I skip more automated messages, some of them telling me that my number will be disconnected soon. I write another note on the fridge to tell my phone company I need to pay my bill.
"Message 153. Kaleb. The name seems to keep fading from my mind the more time that passes. All I want to do is to remember it. All I can associate it with is the grief and heartbreak of how we left things. It killed me inside to know that I couldn't tell you how much I loved you before you... I can't even speak it. Before you killed yourself. There, I said it. Maybe it will bring me some closure, at least I hope because"

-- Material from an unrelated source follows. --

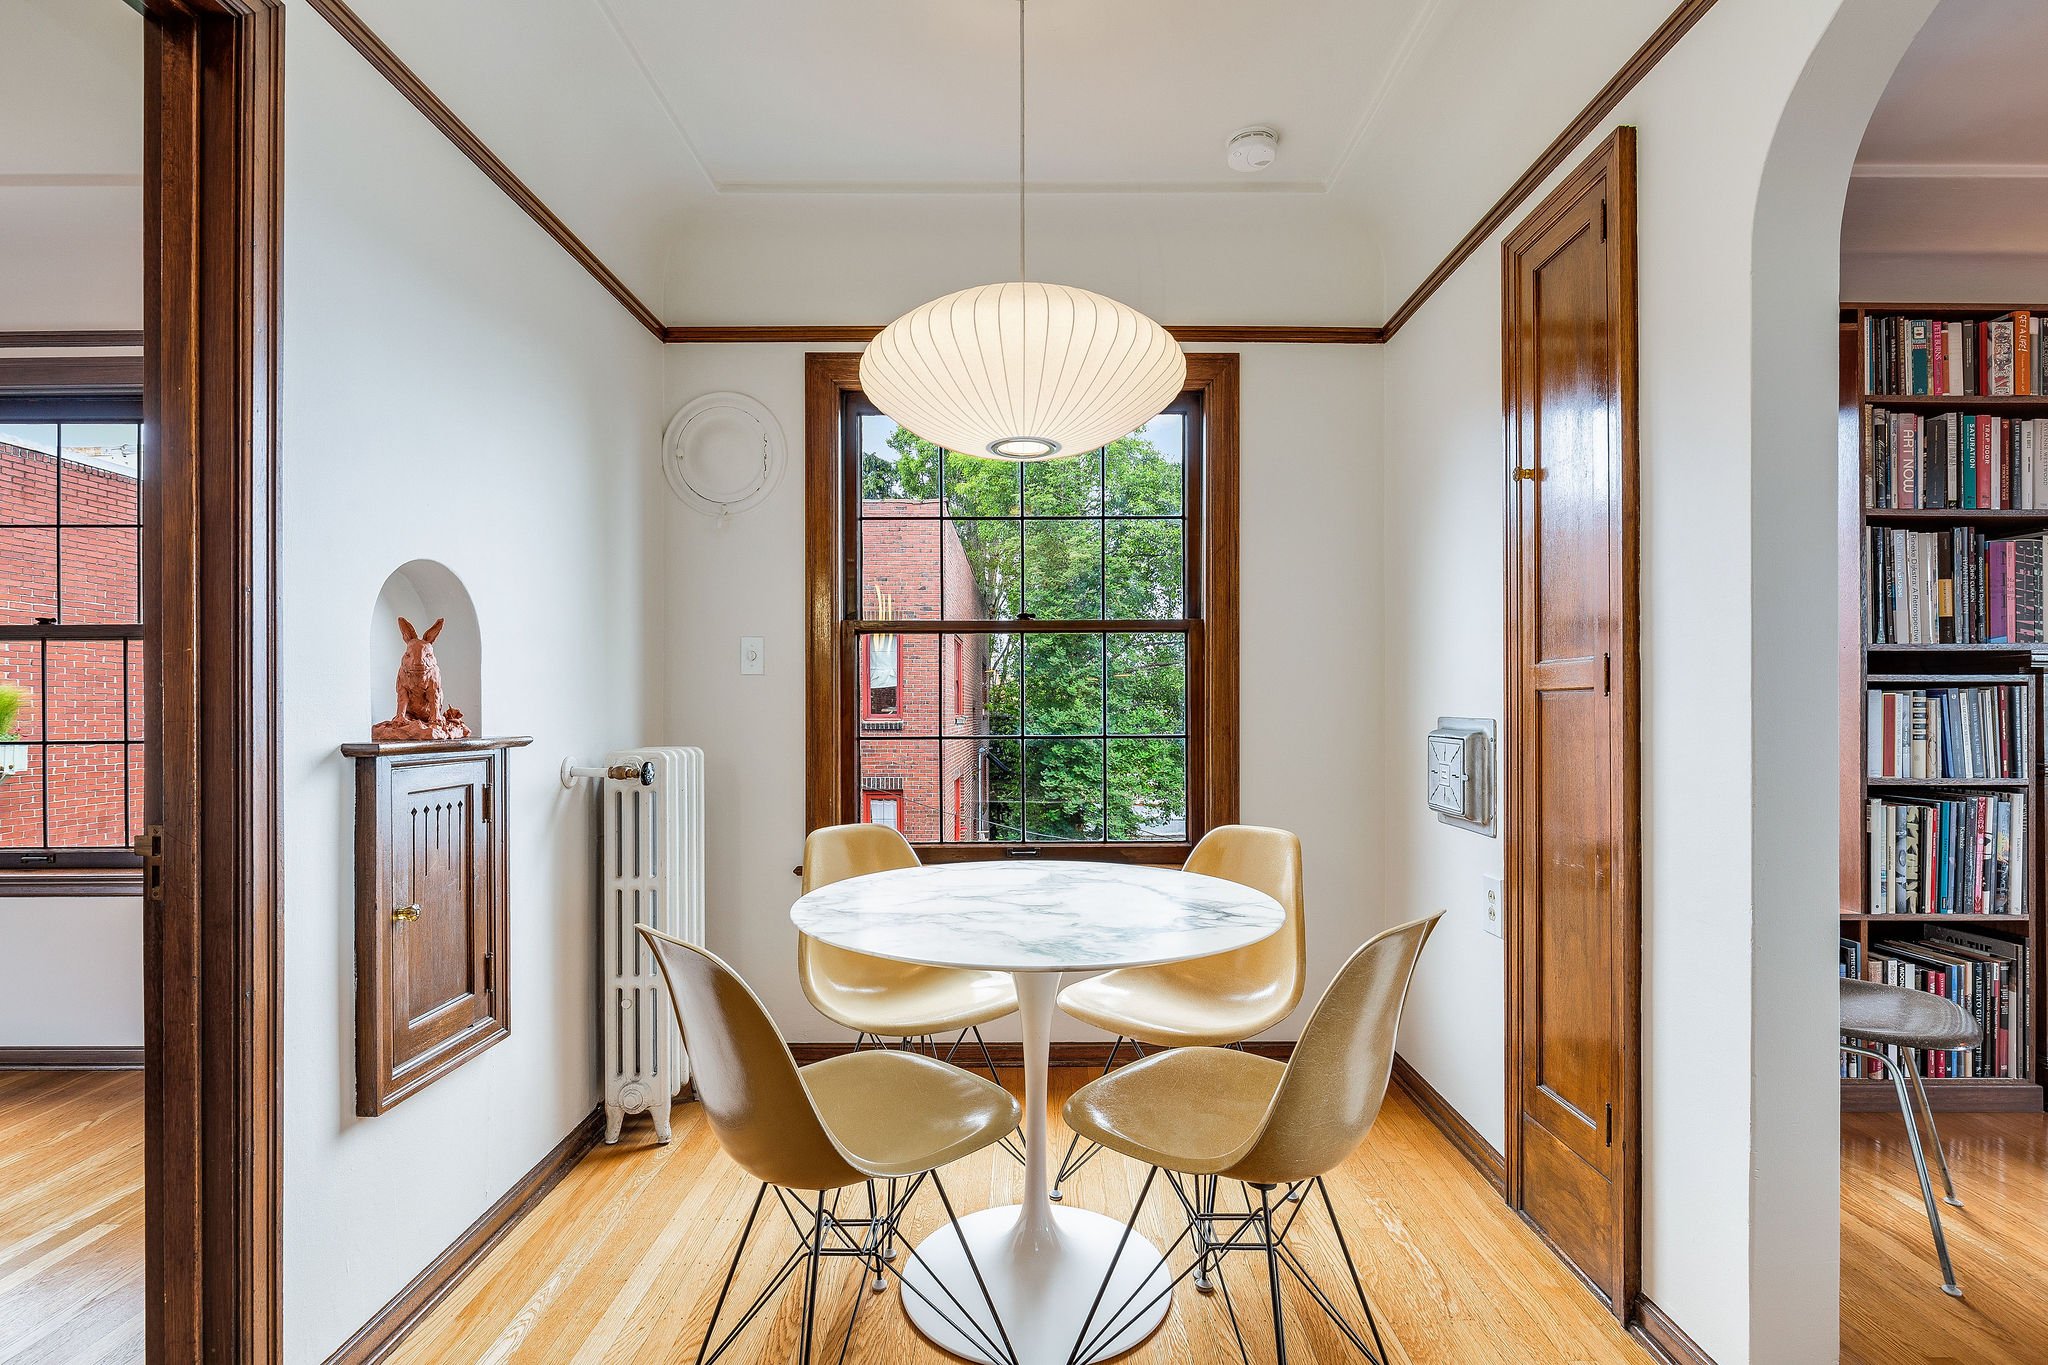 The dining space easily sits 4 and looks north out to a territorial view. Nelson Saucer Bubble Lamp stays with the home. Eames chairs and Saarinen table negotiable.

The machine beeps, signaling that she ran out of her message time. I skip through the rest of the messages, and hope that her voice will come through telling me that it was just a prank she was pulling on me. Some kind of twisted gag.
"Message 173. This phone number will be removed from this account due to inactivity. The date is September 14, 2017. Goodbye."
The voicemail tells me that I have no new messages, and I wish that wasn't true. I go back and look at the calendar, and sure enough, it's flipped to September of 2017. Written on the 22nd, it says "Alex's birthday" in a font that I don't recognize.
I turn around and a family of three run around the house, fast forwarding through time. I run back where the phone was when they are finally gone and time stands still, but sadly it isn't there.
I panic, and have no idea what to do next. I fling open the front door and run down the stairs to the entrance of the complex. Throwing it open, the light blinds me as I pull the covers over my head, grunting at the sunlight.
After my eyes have adjusted, I pull the covers back down and Julianna is smiling down at me. "Time to wake up, cutie," she remarks at me. "You need to go into work and collect that bonus."
I squint through my door towards the calendar in the kitchen. It reads November 2014, and I breathe in a sigh of relief.
I kiss her on the forehead and pull her into bed, her hair falling onto the white mattress. "I don't work today. The paycheck can wait a day," I tell her, enjoying my time with her and the connection we have.
And no new messages on the answering machine.